• [What you will do]: Note the line containing "ベースの音が印象的で幻想的なテクノの再生済みの波形"; from it through the last line below, give only those lines again, exactly, both ends included, skipping pictures.

• [Supplied material]:
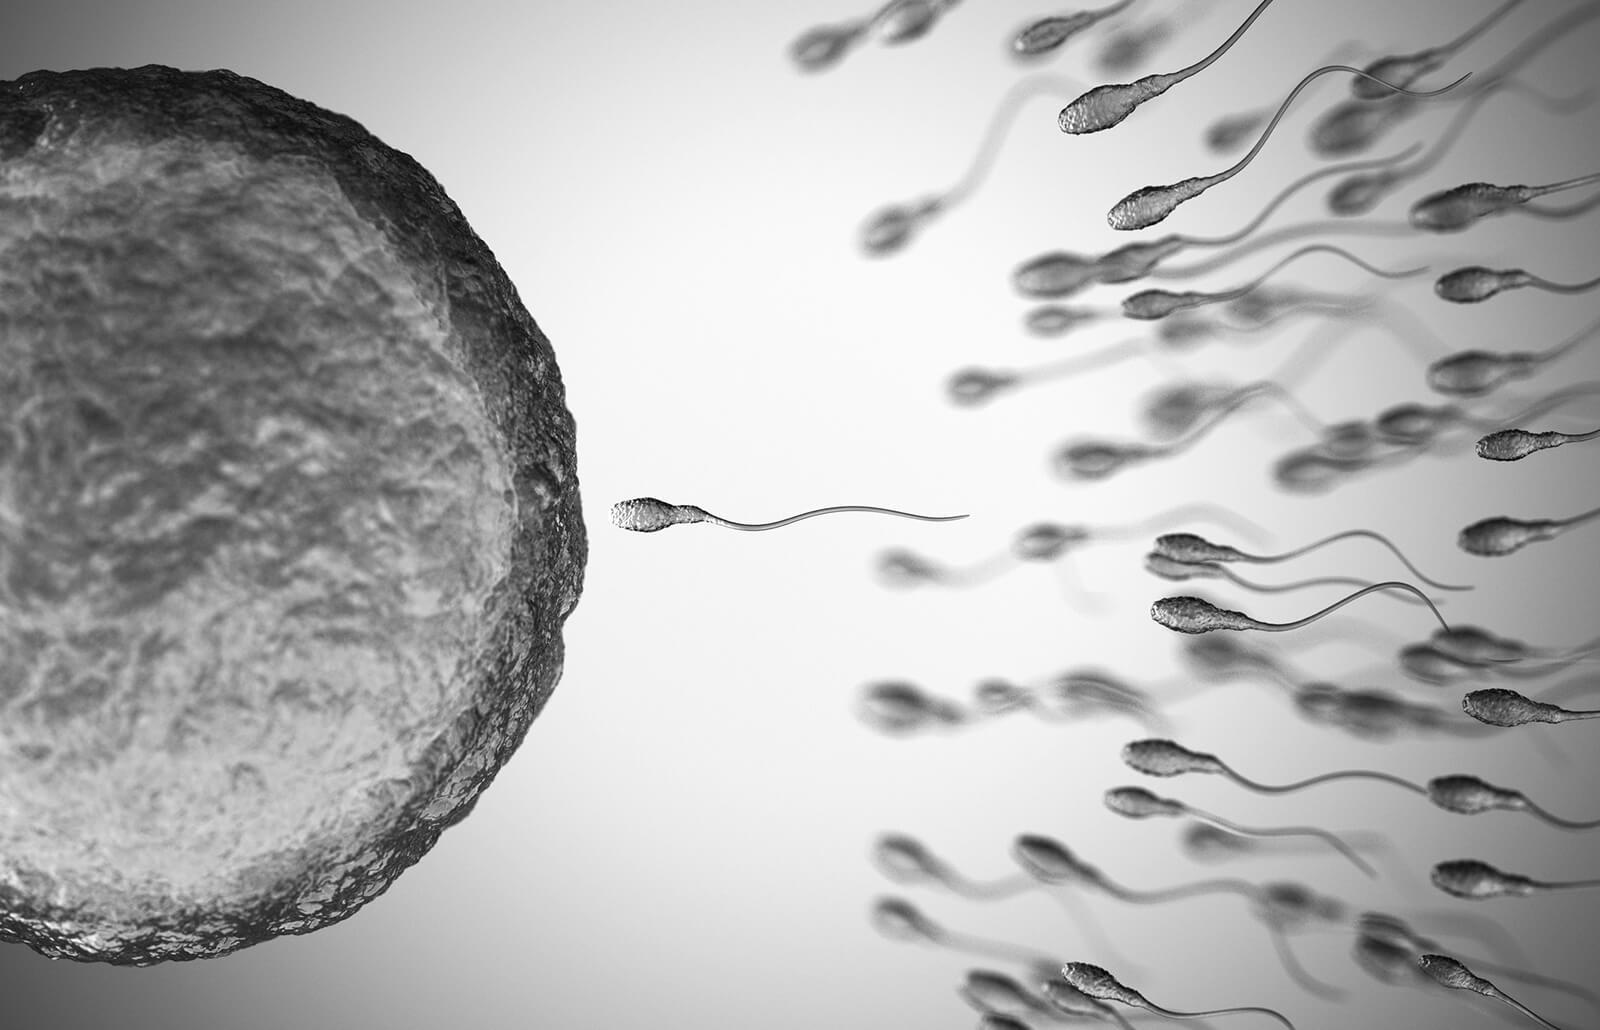 bd9c35e4a ¿Puedes quedar embarazada en tu período? | LoveToKnow
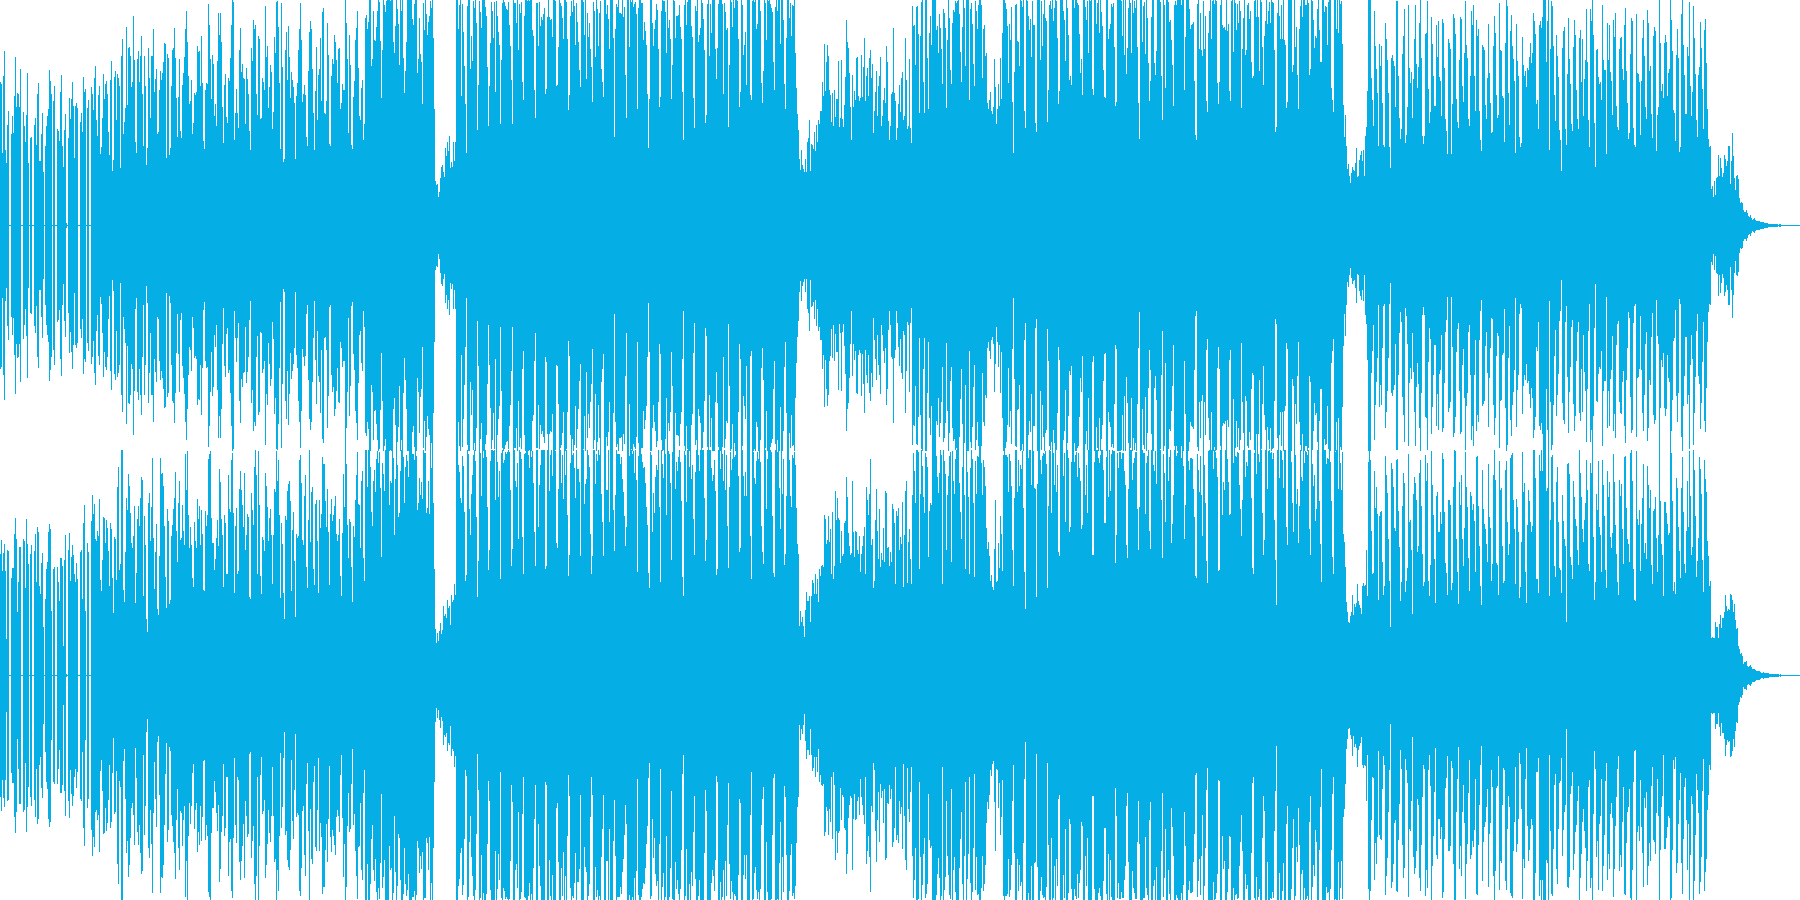 ベースの音が印象的で幻想的なテクノの再生済みの波形
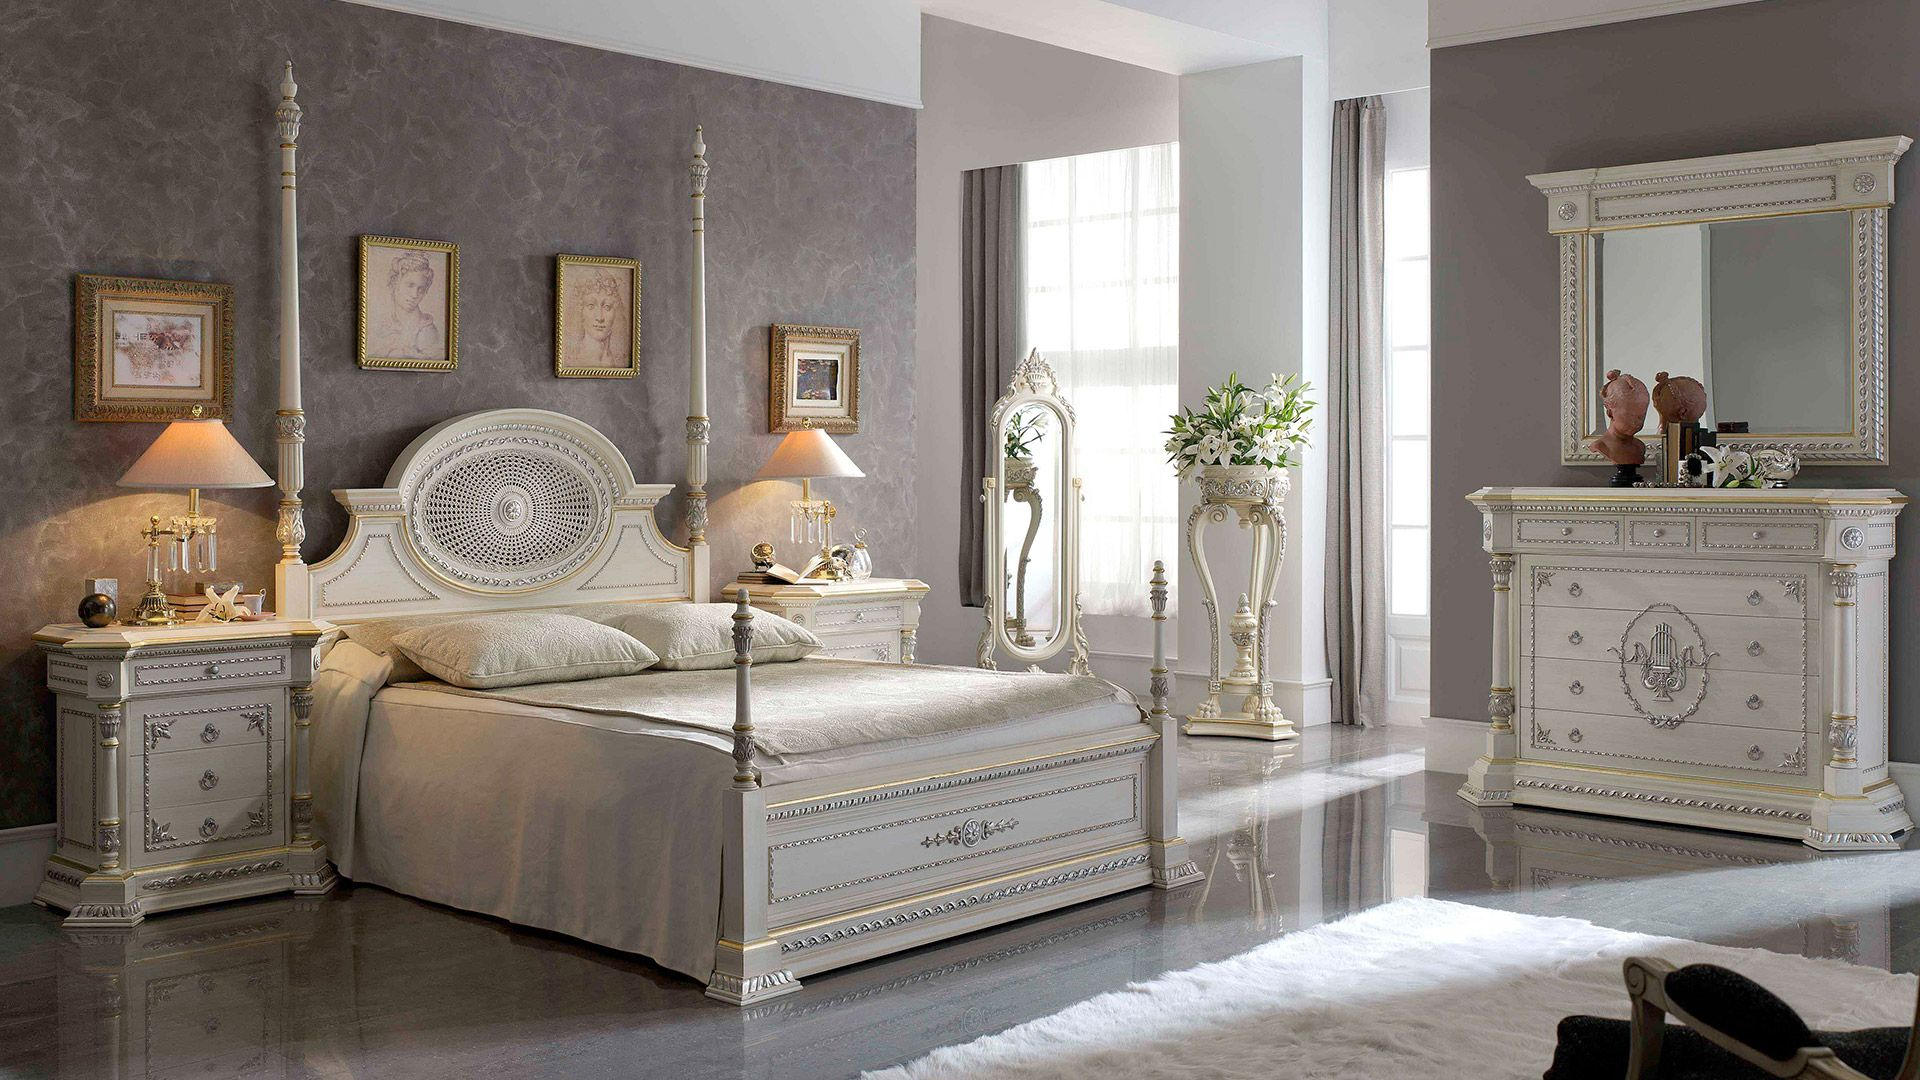 Dormitorios de lujo muebles de lujo pic bonitos for Muebles clasicos baratos

• [Response box]:
 ベースの音が印象的で幻想的なテクノの再生済みの波形
 Dormitorios de lujo muebles de lujo pic bonitos for Muebles clasicos baratos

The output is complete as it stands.